Au lendemain de l'instauration de la loi martiale, censée régler la crise politique en Thaïlande, l'armée a annoncé une rencontre inédite entre les deux camps rivaux. Elle a également empêché le gouvernement intérimaire de se réunir.
Au lendemain de l'instauration de la loi martiale en Thaïlande, l'armée a annoncé mercredi 21 mai la tenue d'une réunion inédite entre les deux camps politique rivaux, dans l'espoir de trouver une issue à la crise. D'autant que les militaires, qui n'ont de cesse d'assurer qu'il ne s'agit pas d'un coup d'État, sont sous pression de la communauté internationale pour une levée rapide de cette loi martiale. La situation actuelle fait craindre pour la démocratie, dans un pays qui a déjà connu 18 putsch en un peu moins d'un siècle.
Les militaires ont laissé au pouvoir le gouvernement intérimaire, très fragile, en place depuis la destitution début mai de la Première ministre Yingluck Shinawatra. Pour autant, le gouvernement ne semblait pas mercredi totalement libre de ses mouvements. Selon l'un de ses responsables cité par l'AFP, les membres de l'exécutif ont été empêché mercredi d'utiliser leur QG de crise, où ils se réunissaient depuis plusieurs mois, depuis que leur siège habituel est bloqué par les manifestants.
Investie de nouveaux pouvoirs, l'armée a en outre imposé une censure des médias et annoncé mercredi de nouvelles restrictions. Il y a désormais 14 chaînes de télévision privées d'antenne et il est interdit à tous les médias de citer tout commentaire politique ne venant pas de responsables officiels.
La loi martiale pourrait durer, Human Rights Watch évoque un coup d'État
L'armée n'a pas indiqué combien de temps serait appliquée la loi martiale, mais a laissé entendre qu'elle pourrait durer.
La situation "doit être résolue rapidement, avant que je ne prenne ma retraite (fin septembre, NDLR), sinon je ne prendrai pas ma retraite", a ainsi prévenu l'influent chef de l'armée de terre Prayut Chan-O-Cha lors d'une réunion mardi avec des représentants du gouvernement, selon des propos rapportés par un responsable militaire.
Inquiète, la communauté internationale a de son côté appelé les autorités militaires à respecter les principes démocratiques. "Nous voulons voir un retour rapide d'une démocratie complète en Thaïlande et le respect des institutions démocratiques", a ainsi déclaré Danny Russel, secrétaire d'État américain adjoint chargé de l'Asie de l'est.
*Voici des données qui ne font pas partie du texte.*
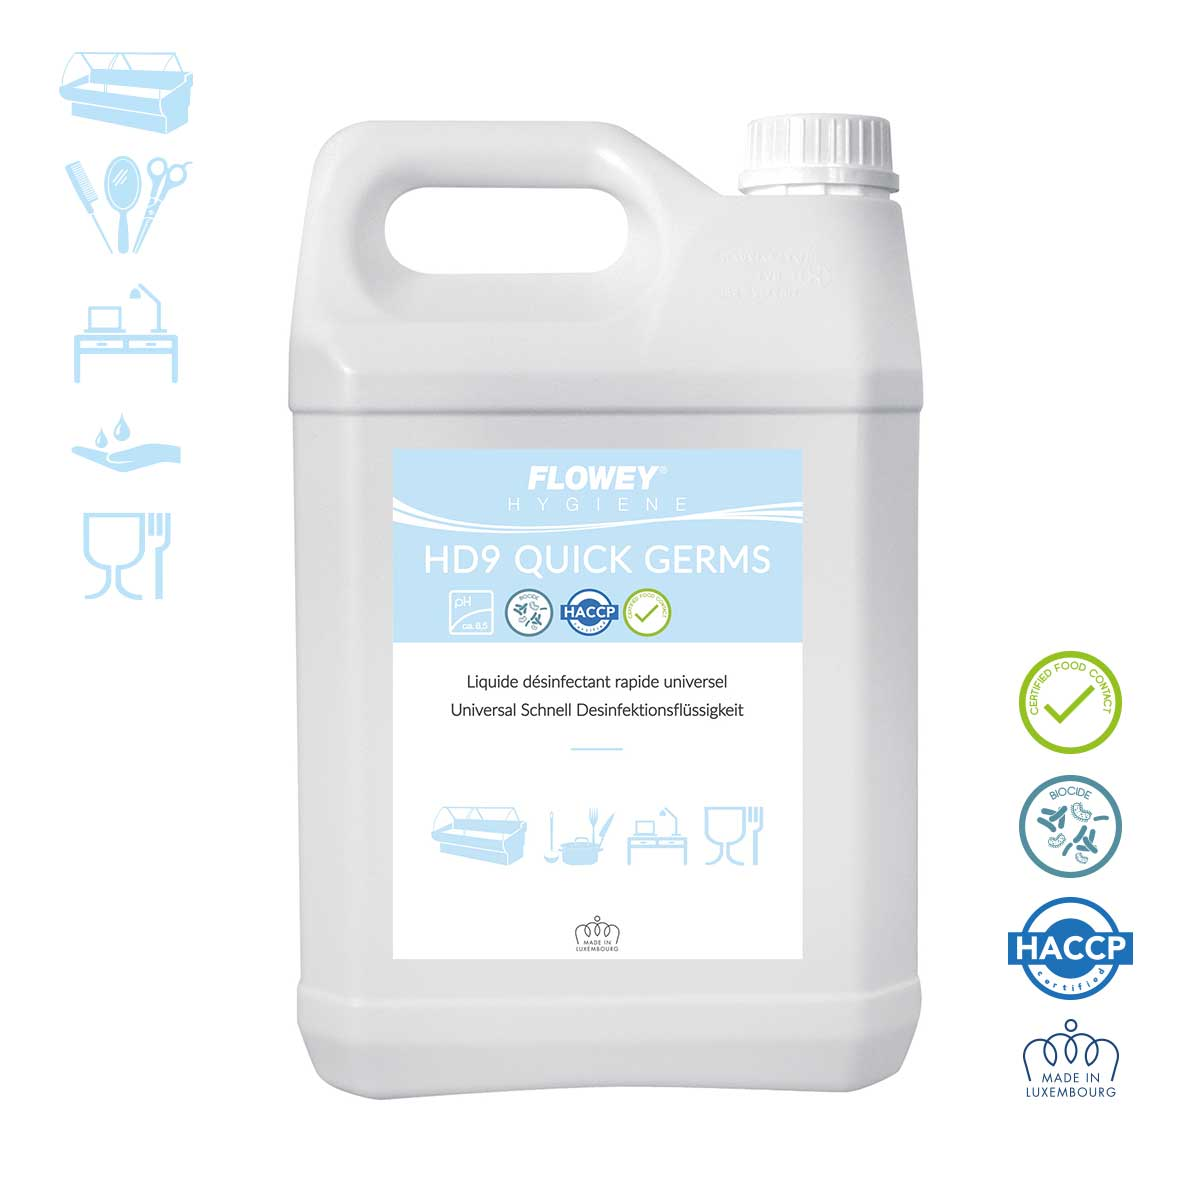 Liquide désinfectant rapide universel - Food Contact - Bidon 5 l

Les États-Unis, alliés militaires de Bangkok, ont toutefois jugé qu'il ne s'agissait pas d'un coup d'État.
Le secrétaire général de l'ONU Ban Ki-moon a appelé toutes les parties "à exercer la plus grande retenue, à s'abstenir de toute violence et au respect total des droits de l'Homme".
Les défenseurs des droits de l'Homme, eux, sont allés plus loin. La loi martiale "est en réalité un coup d'État qui menace les droits de l'Homme de tous les Thaïlandais", a dénoncé Human Rights Watch, critiquant en particulier les violations de la liberté de la presse.
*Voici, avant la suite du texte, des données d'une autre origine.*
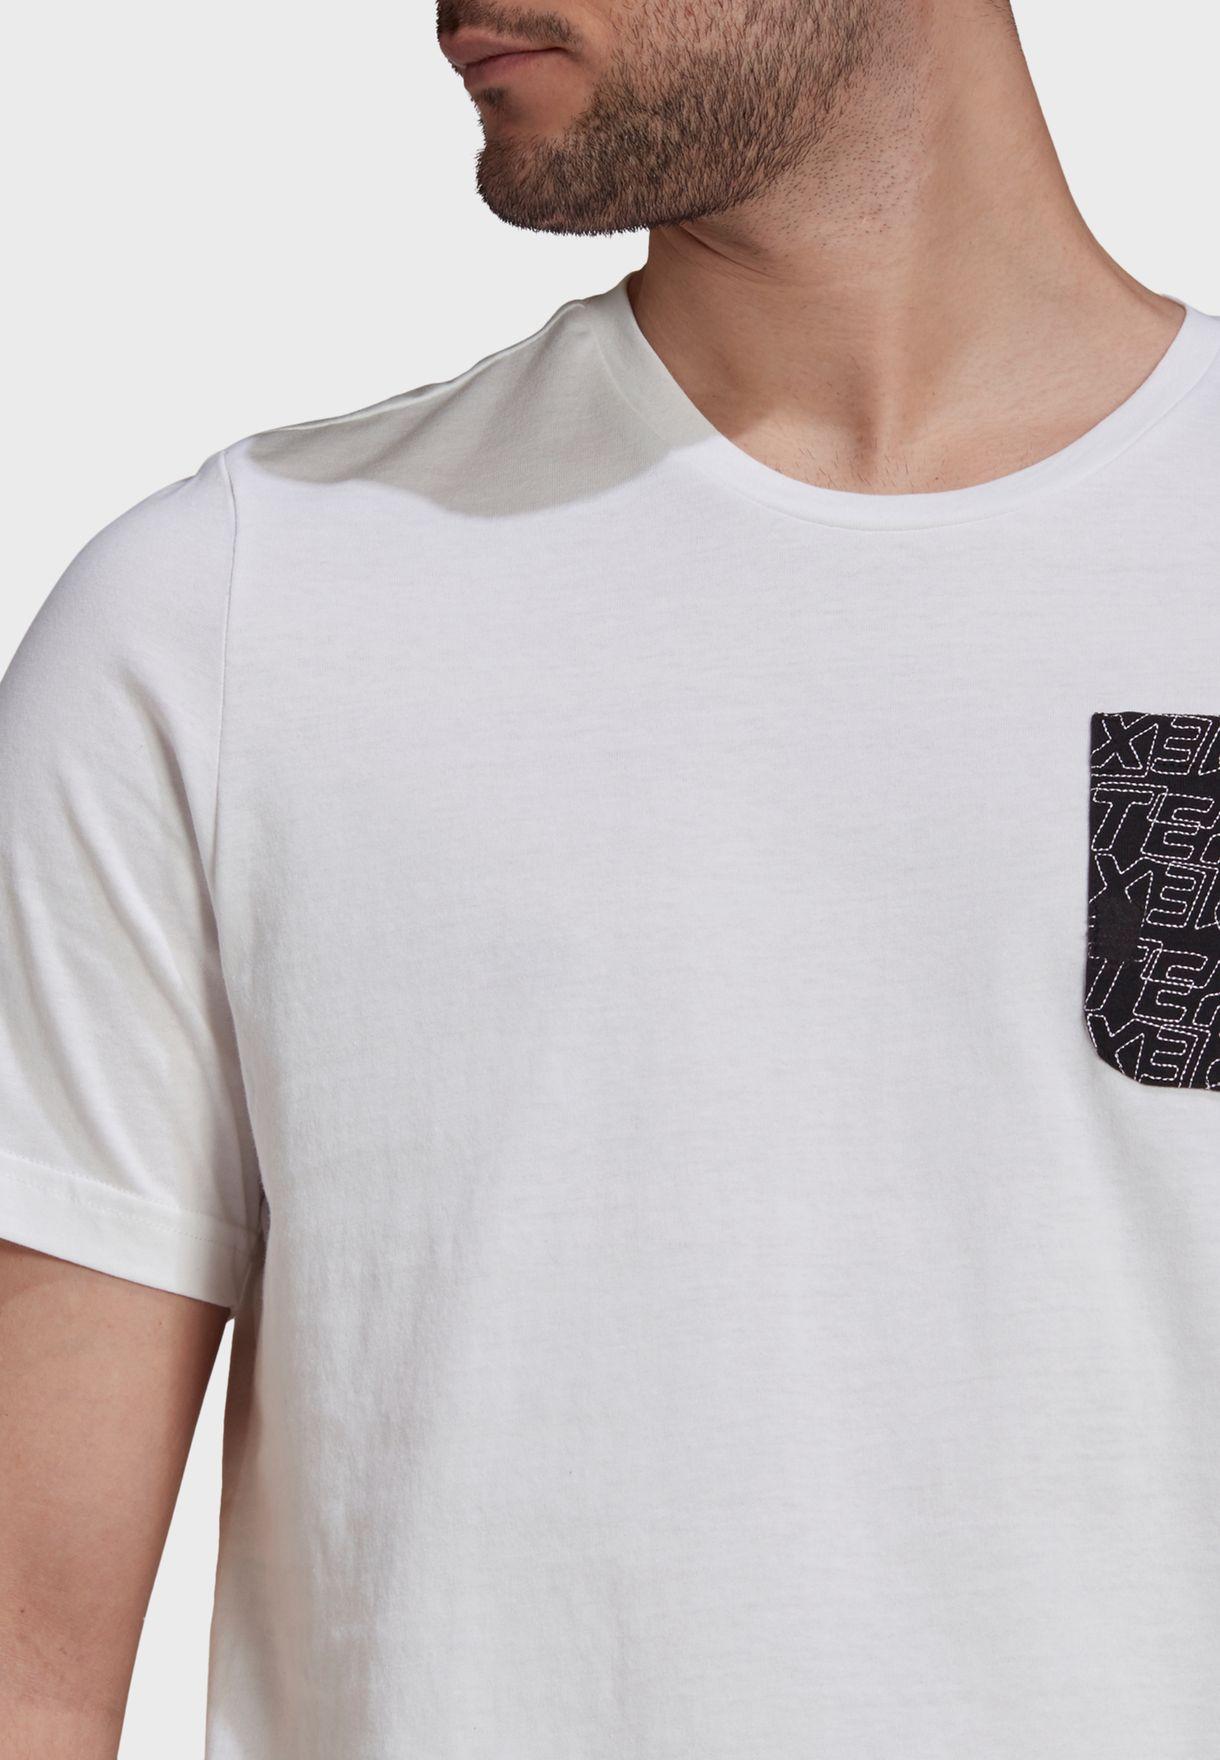 Terrex Pocket T-Shirt

Les manifestants des deux camps mobilisés
Depuis la dissolution du Parlement en décembre, le gouvernement ne peut qu'expédier les affaires courantes. Depuis près de sept mois, les manifestations entre ses opposants et ses partisans ont fait 28 morts et des centaines de blessés.
Les opposants, les chemises jaunes, réclamaient la tête de Yingluck Shinawatra et la fin de l'influence de son frère Thaksin, ancien Premier ministre renversé par un coup d'État en 2006 désormais en exil.
Malgré la récente destitution de Yingluck Shinawatra par la Cour constitutionnelle, les manifestants ne sont pas rentrés chez eux, réclamant toujours un Premier ministre "neutre", qui selon eux, devrait être nommé par le Sénat.
Les chemises rouges, pro-Thaksin, étaient également toujours réunies mercredi dans une banlieue de Bangkok.
La présence dans la capitale de ces forces rivales fait craindre de nouvelles violences dans un pays qui vit depuis le putsch de 2006 au rythme des manifestations des masses défavorisées du nord et du nord-est, fidèles à Thaksin, et de ses ennemis, proches des élites de Bangkok. Le dernier épisode avait fait plus de 90 morts et 1 900 blessés en 2010. Les chemises rouges avaient alors occupé le centre de la capitale pendant deux mois, avant un assaut de l'armée.